Gain formal support and endorsement of the proposed evaluation from your organisation’s board. Without
formal support for your efforts, it is likely that the evaluation will be incomplete or selective in its
investigations and therefore in its results. The outcomes will not be widely accepted and may lead to
inaccurate recommendations.
During the design phase you should conduct an analysis of the external and internal environments in which the
organisation or program operates. The external environment issues might include funding, politics,
technology, legislation, culture or the local community. An examination of the internal environment will
include assessing staffing and workload levels, skills and expertise, resources and funding. This analysis will
assist in the development of performance indicators.
Develop performance indicators which are relevant and for which you have control.
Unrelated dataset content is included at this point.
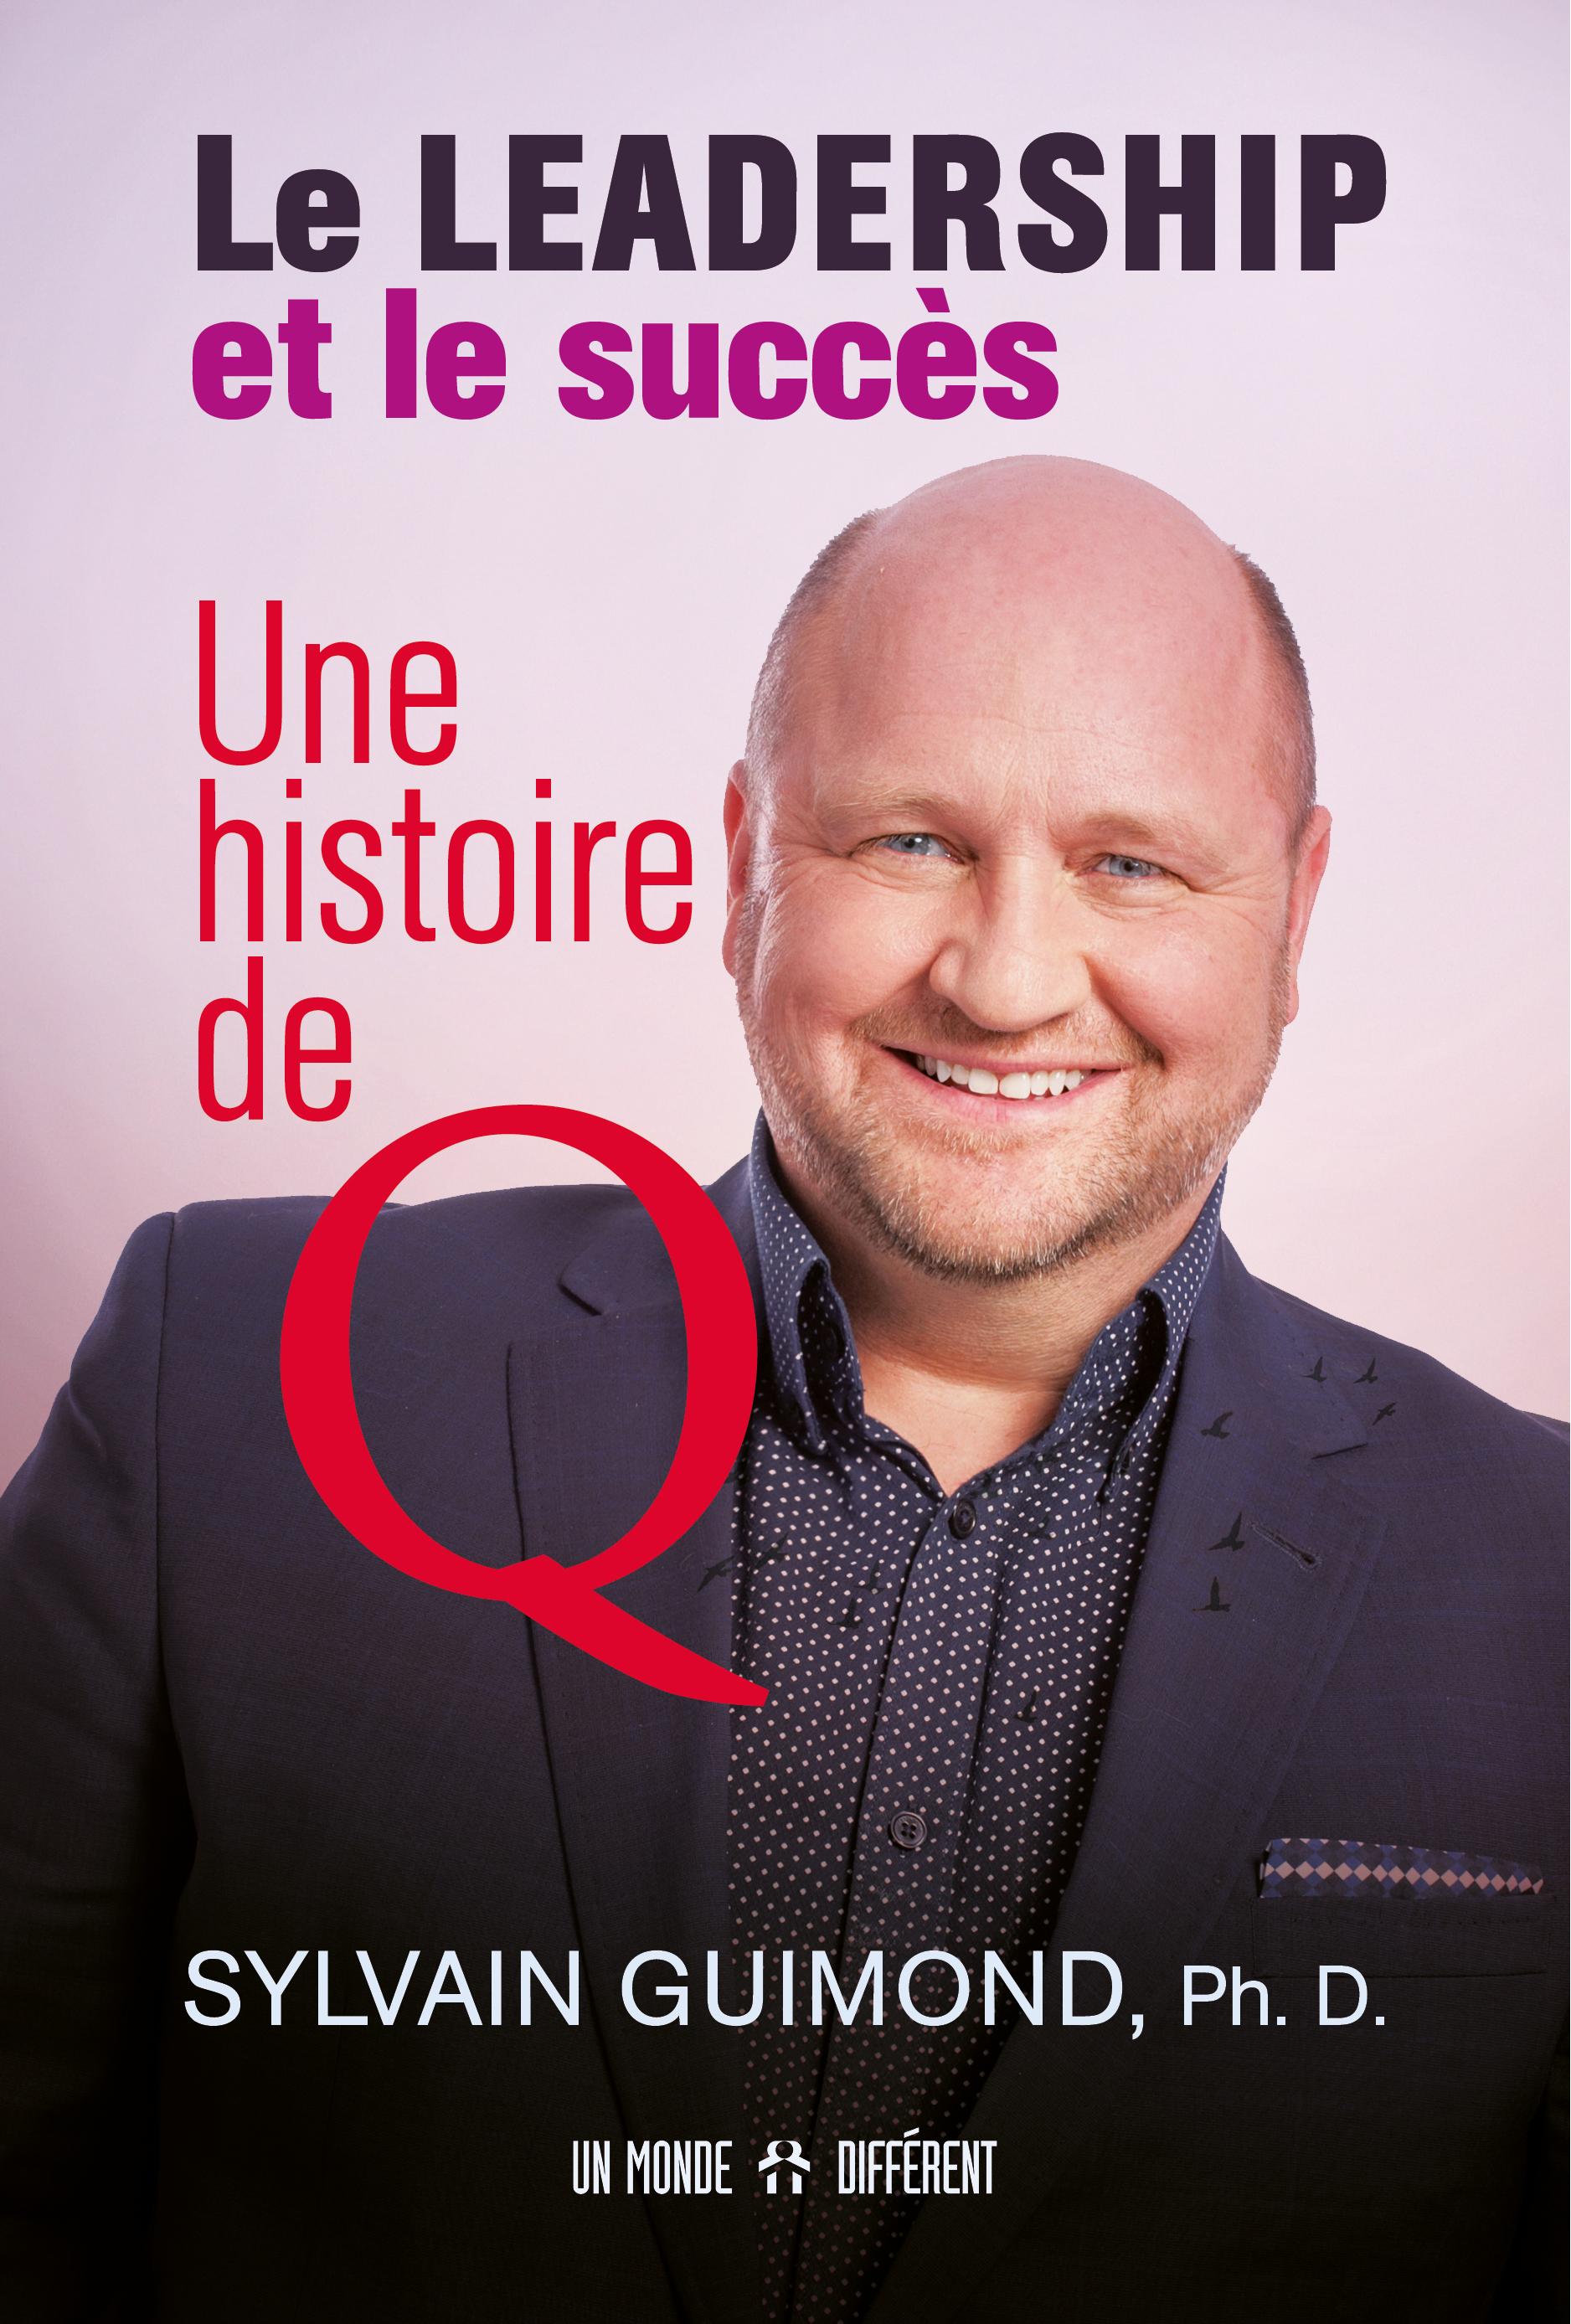 LEADERSHIP ET LE SUCCÈS, UNE HISTOIRE DE Q (LE)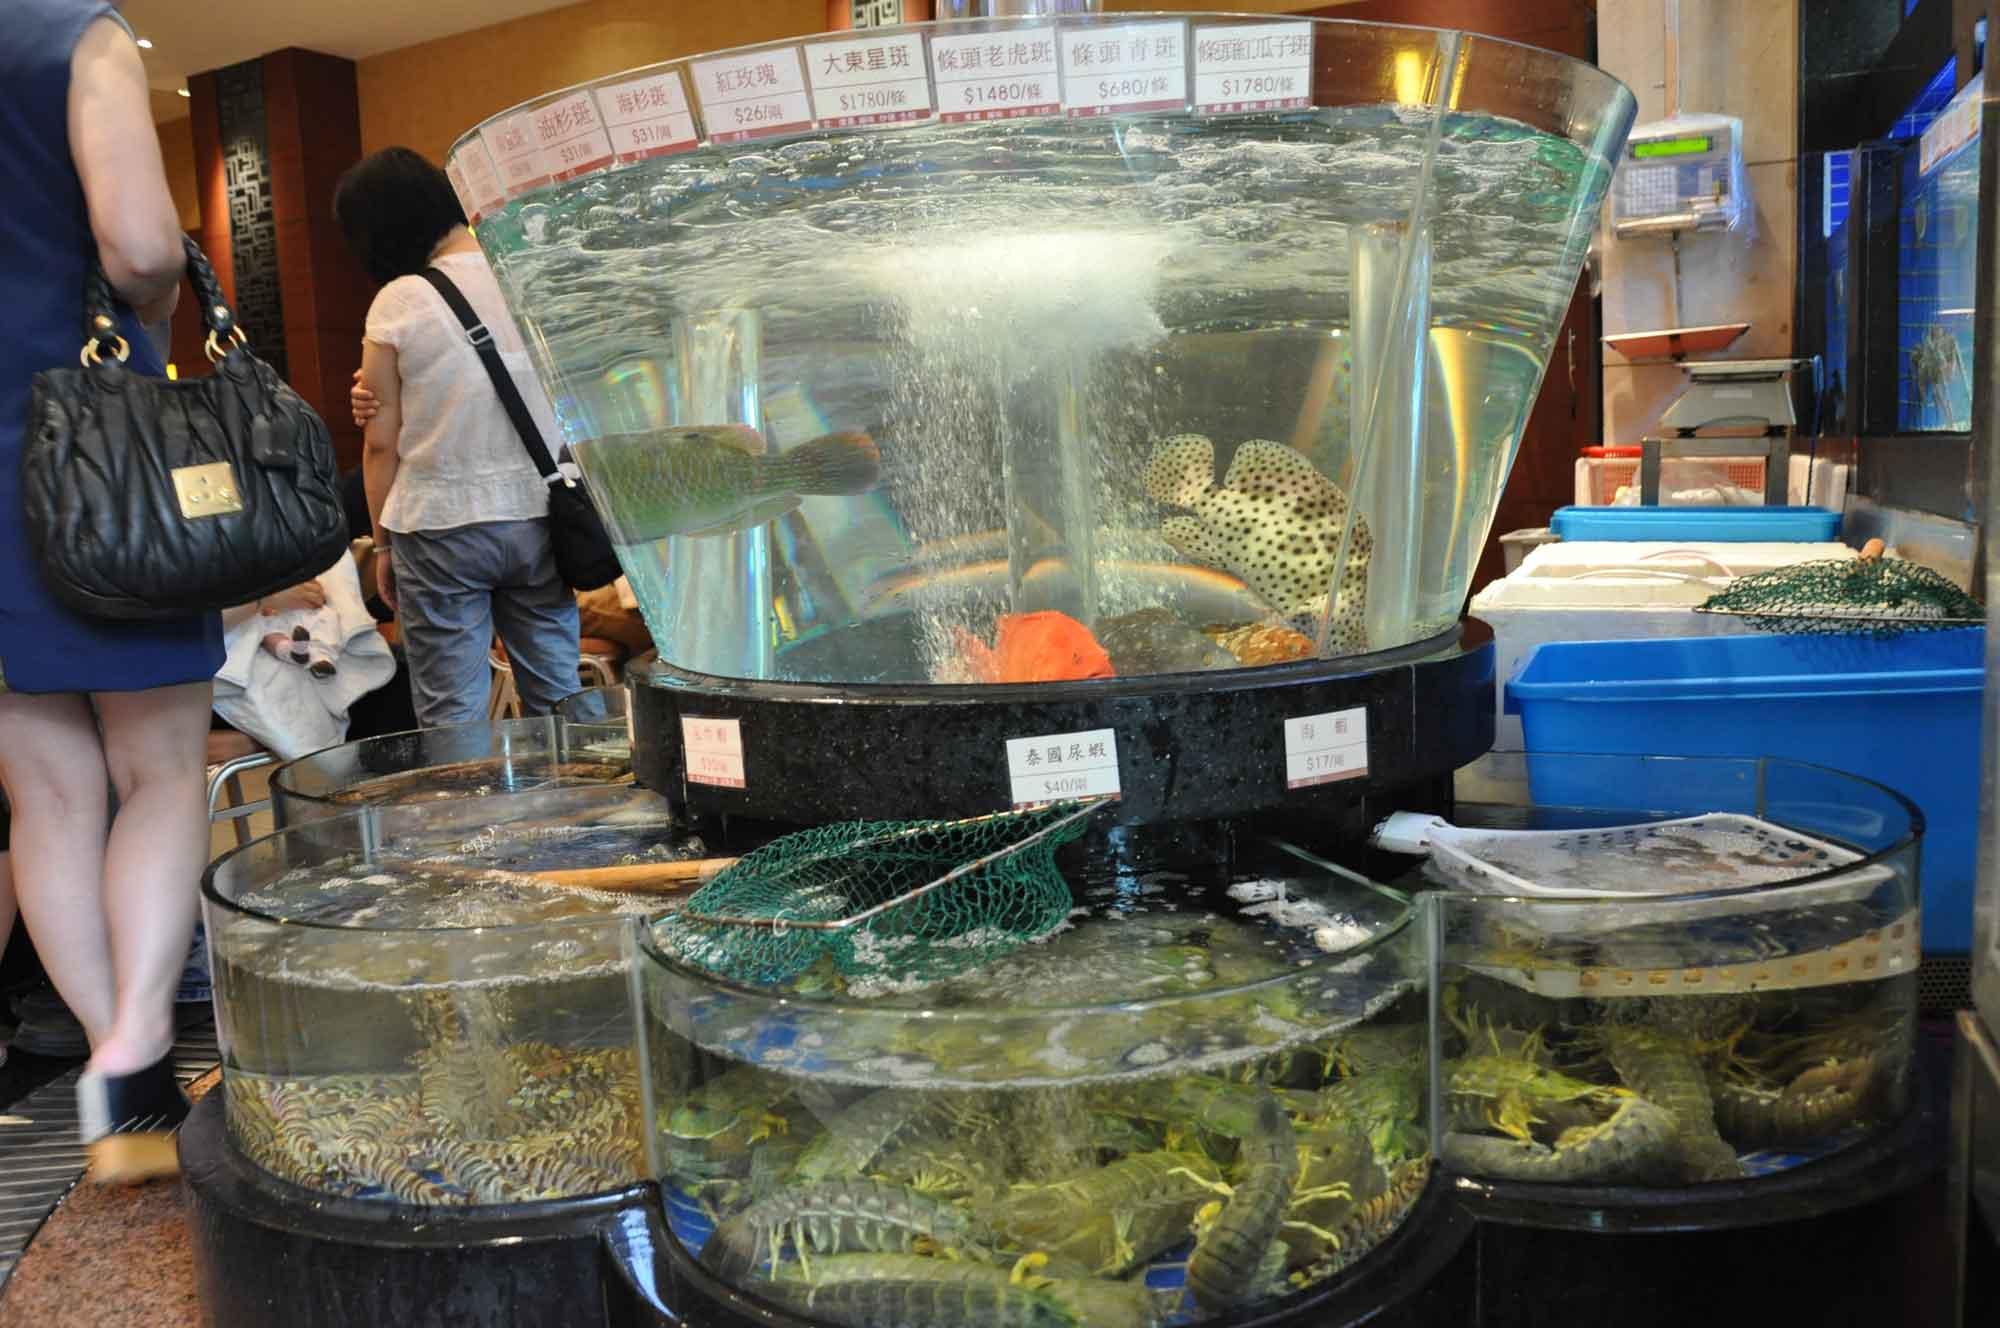 Tou Tou Koi Macau fish tank

Plan data collection
methods which are easy to implement and are seen to be objective and reliable.
Implement
Implement your chosen data collection methods and ensure an ongoing commitment to the evaluation. If just
one staff member or volunteer does not really understand why they are collecting the data, your results are
likely to be inaccurate.
Record the relevant data over an appropriate period of time. One month may be adequate for short-term
projects, but one year may be more appropriate if you are evaluating a whole organisation. Some projects may
need data collection to occur at the beginning and the end of a project, or at regular intervals, and even after
the project has finished (to assess long term outcomes).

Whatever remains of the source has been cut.